Still, the county celebrates its local craft beverage industry, while banning the marijuana industry. In 2011, the county dedicated $70,000 in economic development funding to directional signage to help tourists find wineries. The county’s economic development agency — a public-private partnership whose board includes representatives from county and city governments — touts the industry on its website, and last year awarded its annual $10,000 Enterprise Challenge grant to a brewery. That money came from sponsors, not taxpayers, but it’s just one example of the county’s tacit endorsement of its alcohol industry.
Those actions serve “the best interests of the county,” according to County Commissioner Mike Leita. It’s not a matter of weighing the relative dangers of marijuana and alcohol, he said; it’s a matter of responding to the wishes of the citizens who voted in favor of the ban.
“The voters twice did not support recreational marijuana in Yakima County, so it’s pretty straightforward from the commissioners’ perspective,” Leita said.
This despite all three county commissioners generally holding small-government views that prioritize private rights.
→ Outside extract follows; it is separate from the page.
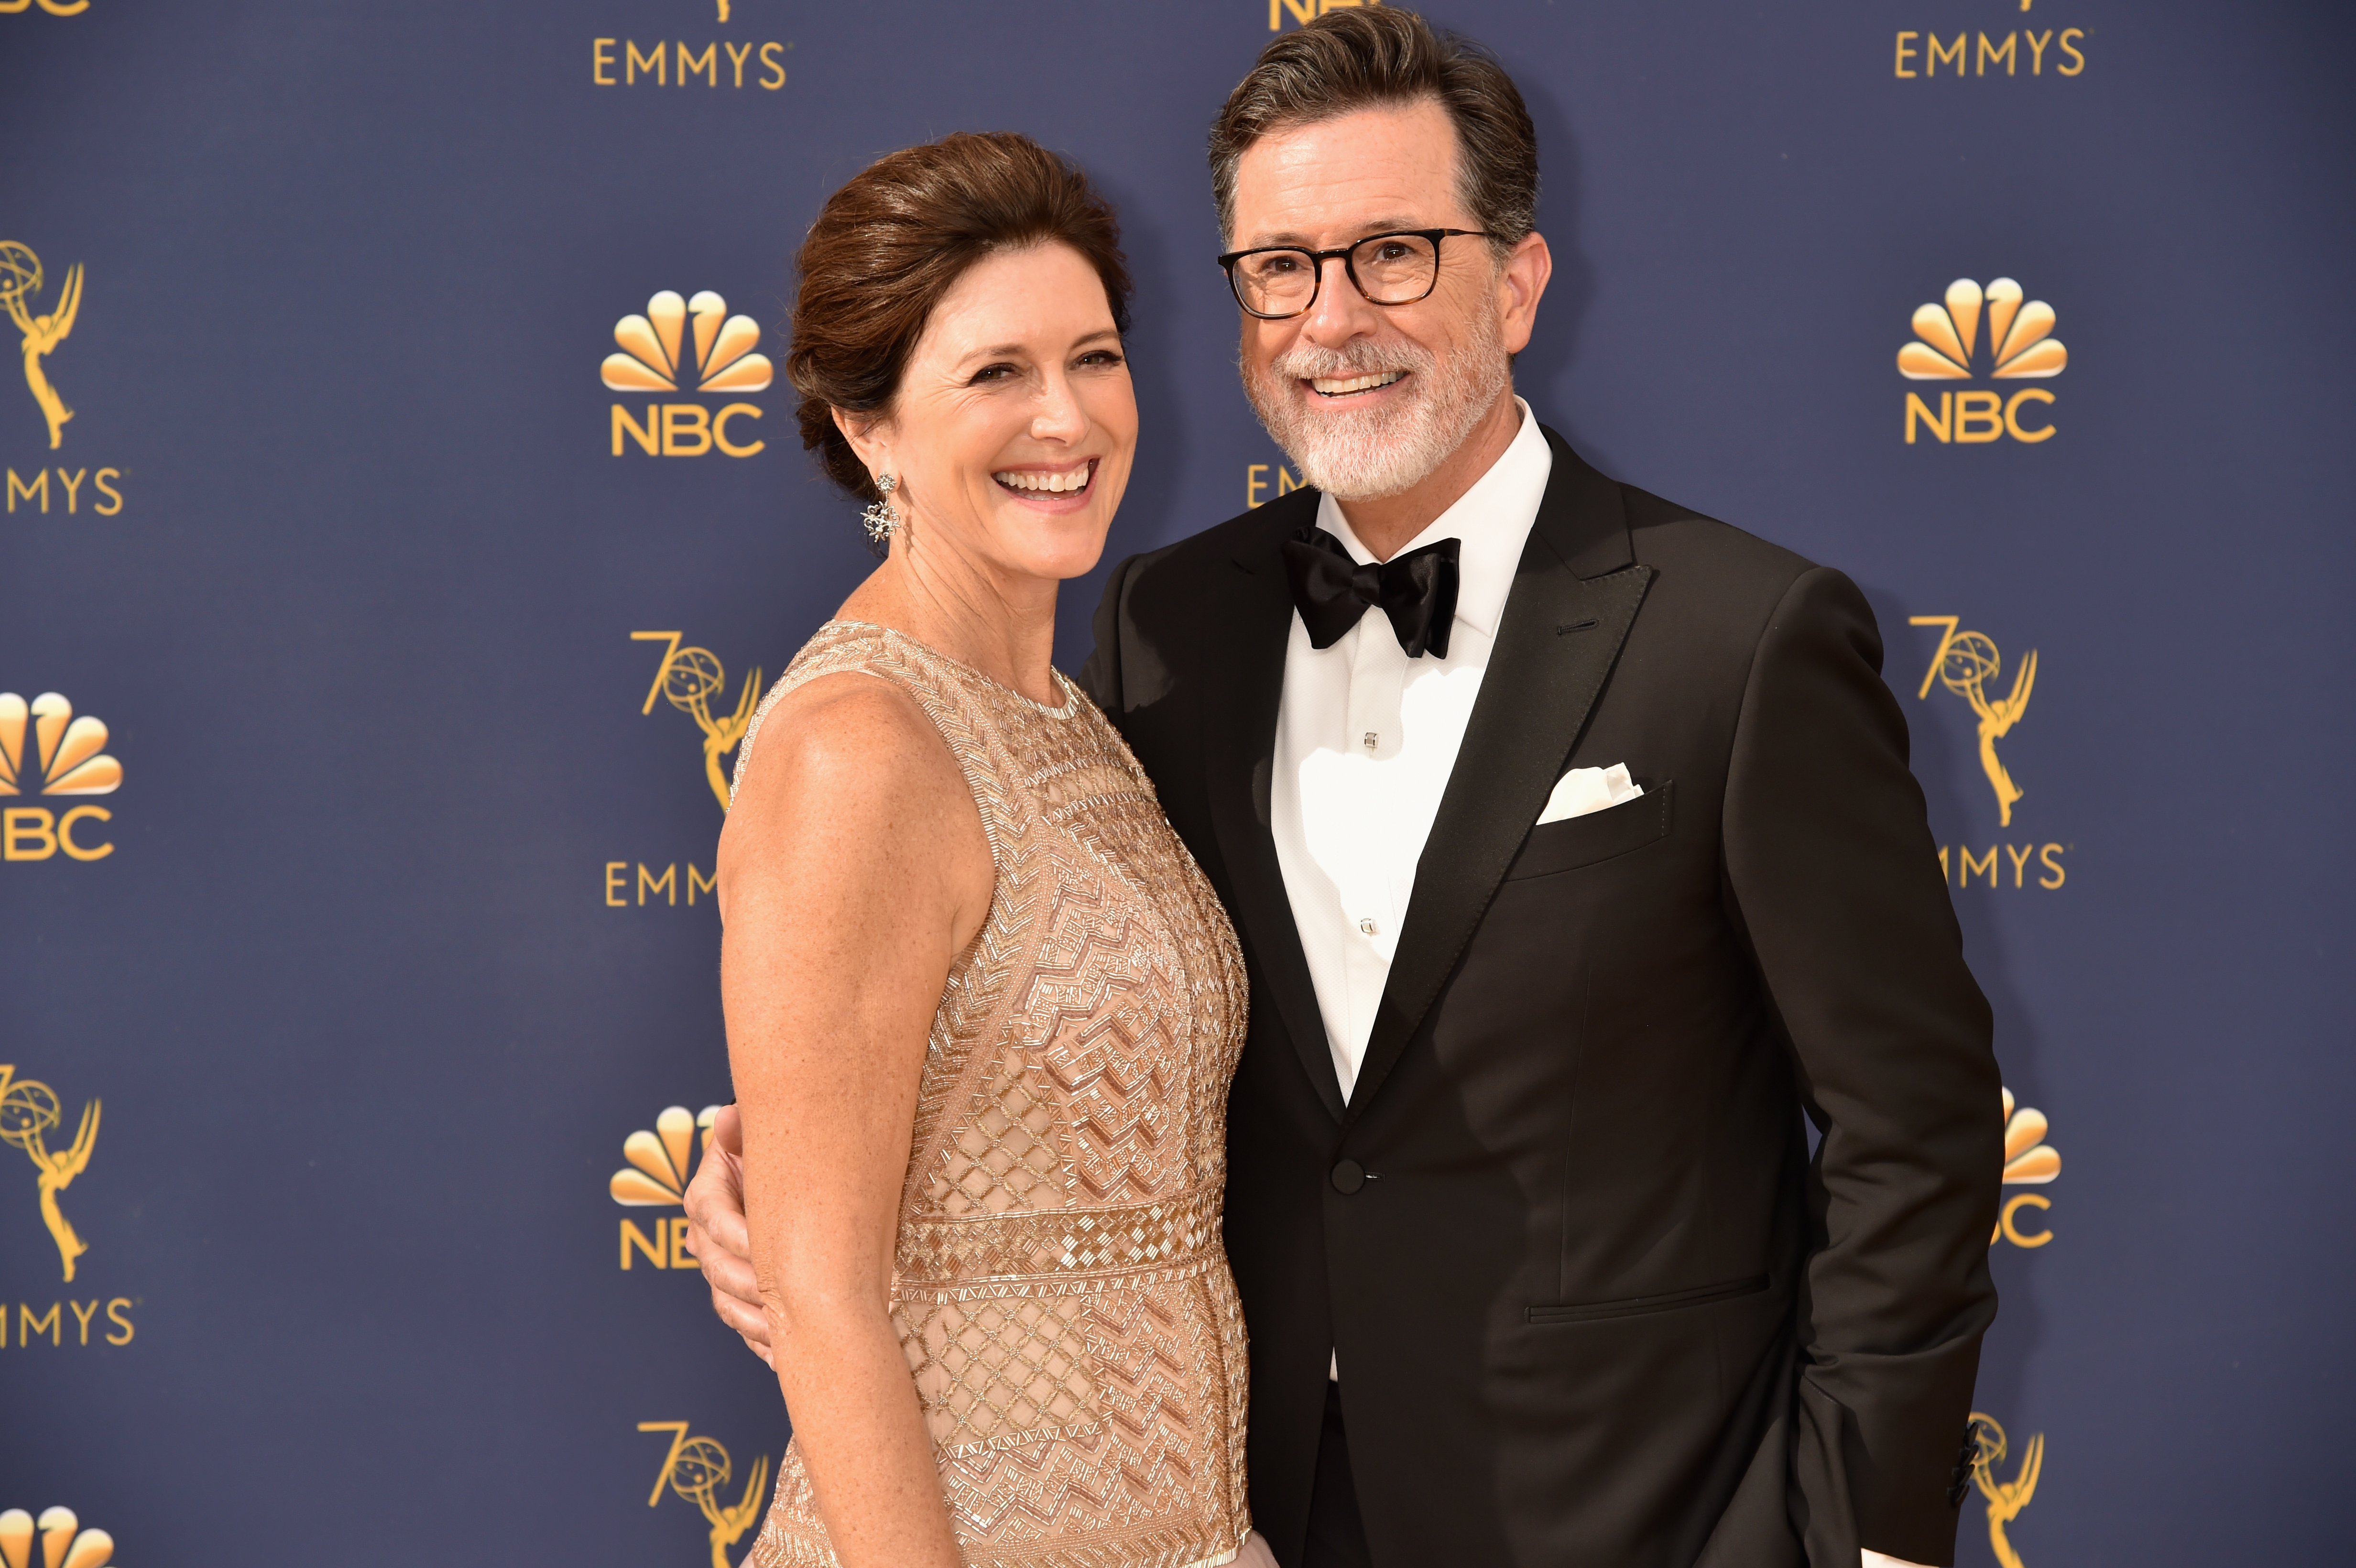 Stephen Colbert and Evelyn McGee-Colbert at the 70th Emmy Awards on September 17, 2018 | Source: Getty Images

That ethos, which includes a disdain for over-regulation of business, isn’t the only thing at play, Leita said. It has to be balanced by a practical approach that allows for community input, he said.
“We’re private-rights advocates,” he said. “We’re conservative in terms of protecting private rights. But we’re also elected representatives, and in this matter the voters have spoken.”
Advocates, however, argue that the jobs created by having 28 pot businesses and the tax revenue associated with the industry are in the true best interests of the county. If the ban were lifted, those numbers would likely increase based on the county’s geographically advantageous marijuana-growing conditions, McPhee said.
“It’s a massive industry,” he said. “And the county commissioners are throwing it away.”
In a decade or two, the question may be made moot. Wenk believes the end of the federal marijuana prohibition may come as soon as that. The reasons for allowing it are just more compelling than the reasons for banning it, he said.
“I think it’s inevitable,” Wenk said. “It’s going to be made recreationally available throughout the United States.”